Oil Settles Above $68, Reaches 2009 High

Oil prices rose 3% Monday to settle near a seven-month high of more than $68 a barrel. Renewed interest in the commodity has been sparked by improved factory activity in China, fortifying the belief that the economy is recovering from its recent doldrums. 

Today, China’s Purchasing Manager’s Index reported that the country has expanded manufacturing for the third month in a row. Additional factors contributing to the increase in oil prices include the US dollar falling to a new five-month low and OPEC holding production steady at its most-recent meeting, as well as an improved economic outlook.
The start of the Atlantic hurricane season and the bankruptcy of American car manufacturer GM did not seem to dampen the market.
On the first day of June, US crude rose $2.27 to close at $68.58 on the New York Mercantile Exchange.
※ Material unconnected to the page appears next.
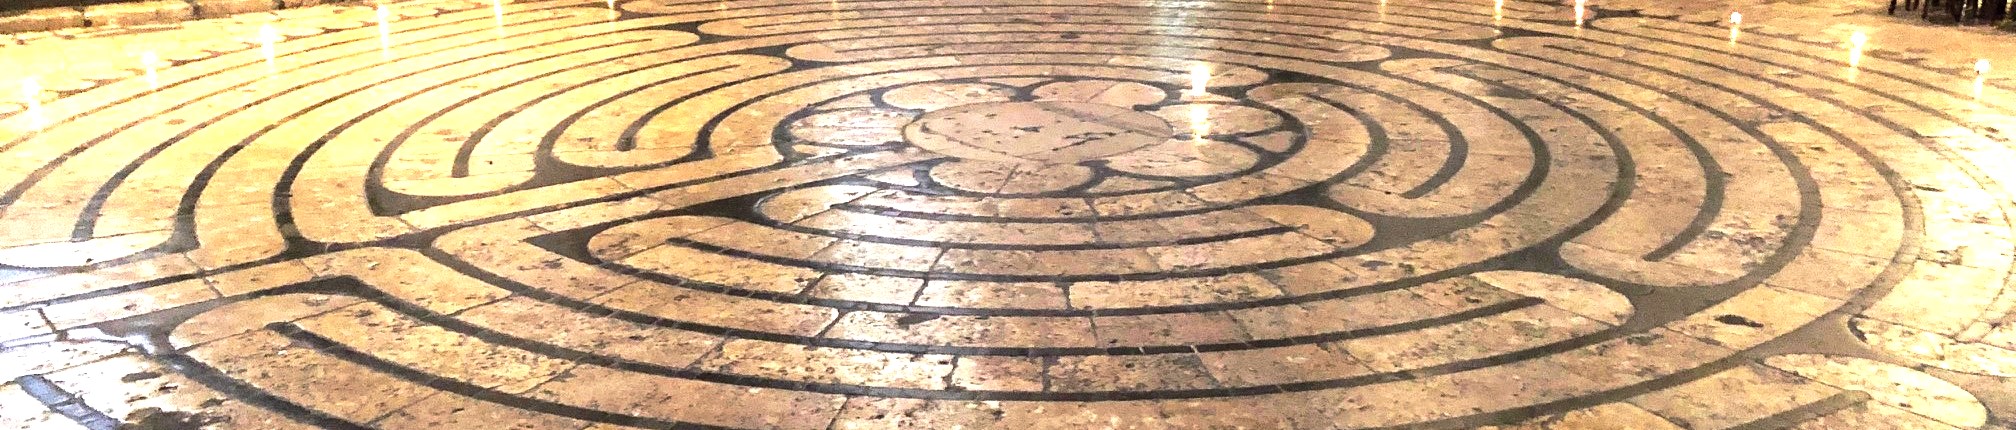 Das Labyrinth von Chartres
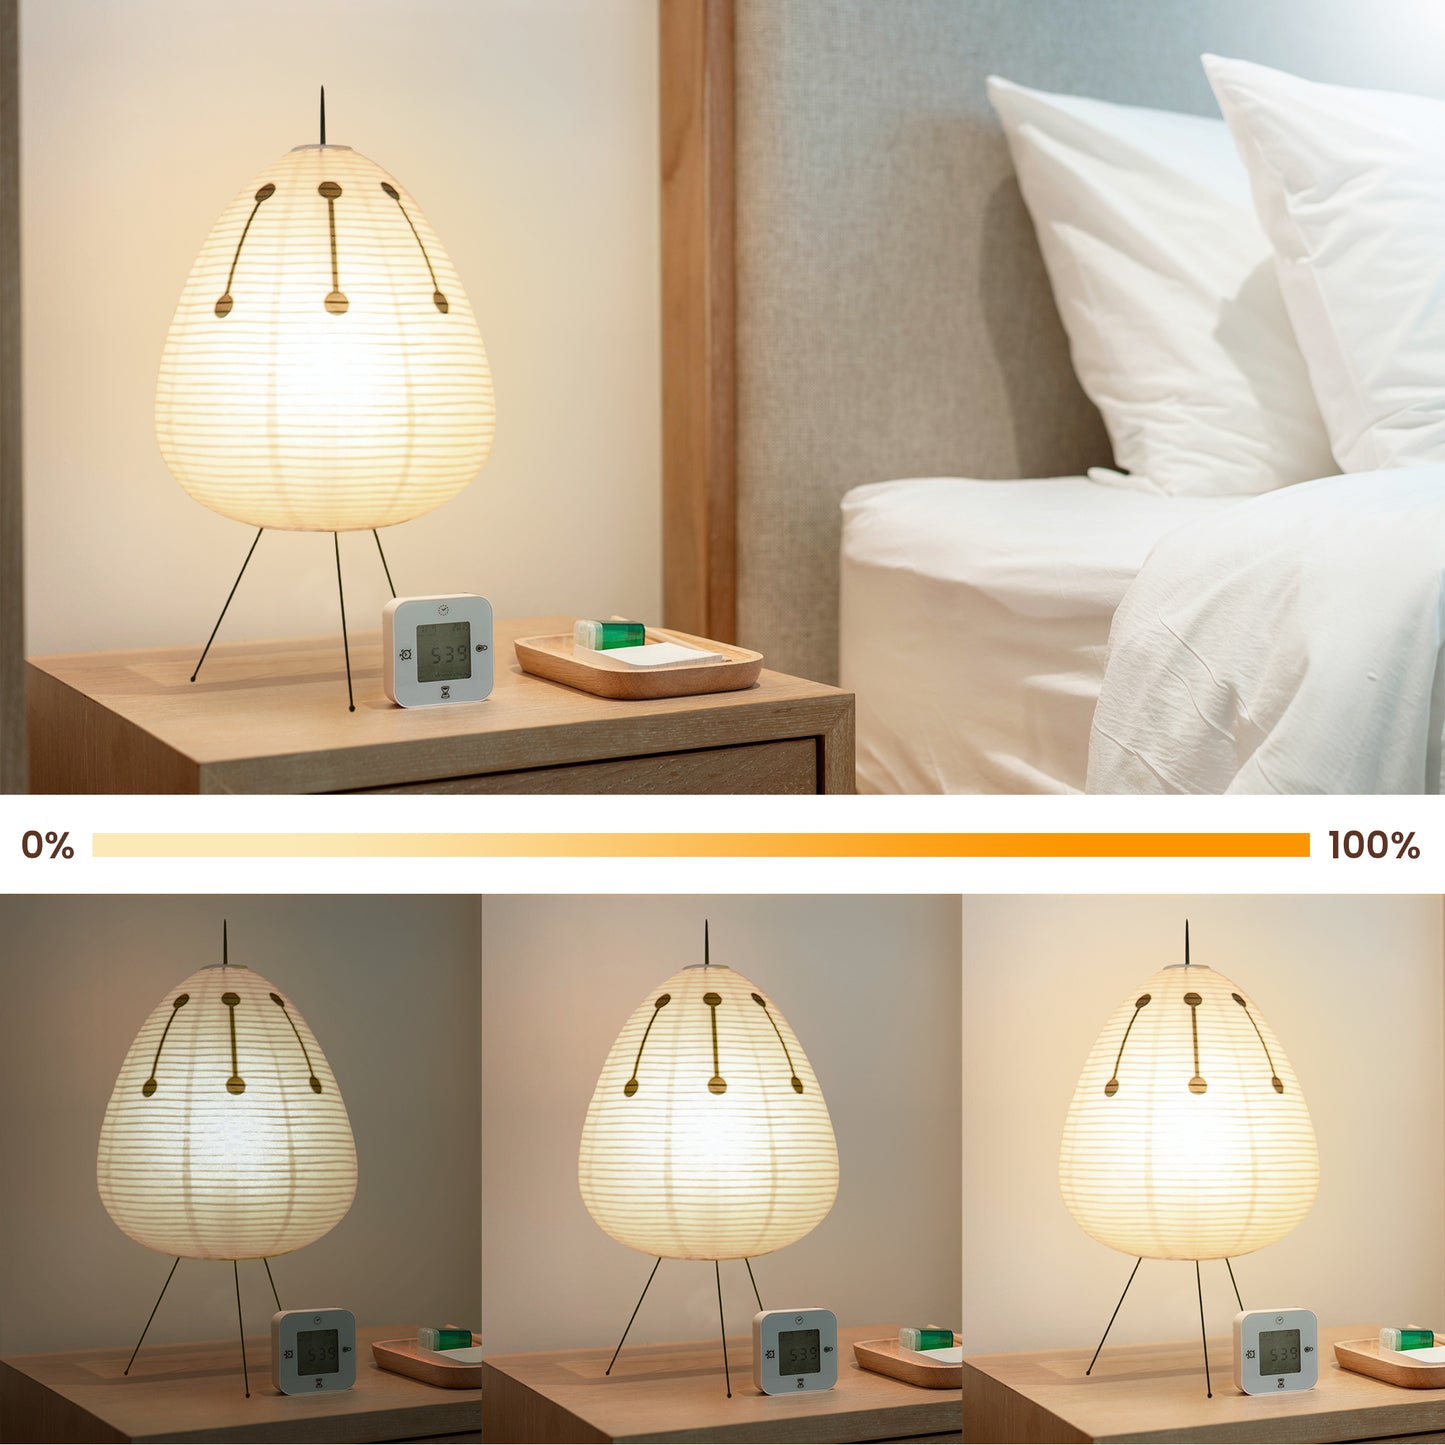 NOGY Akari Paper Lamp with Black Design • Akari Lantern Lamp • Rice Paper Lantern Lamp • Japanese Lamp • White Paper Lamp (Black/White)

With intra-day trading hitting a high of $68.68, this is the highest oil prices have reached since early November 2008. Additionally, London Brent crude closed at $67.97 a barrel, a increase of $2.45 for the day.
Also gaining momentum, natural gas traded nearly 10% higher Monday, with NYMEX Henry Hub futures closing at $4.20 per mmBtu, a rise of 37 cents. Natural gas remains at an historic low, with drilling efforts dropping and gas production curbed.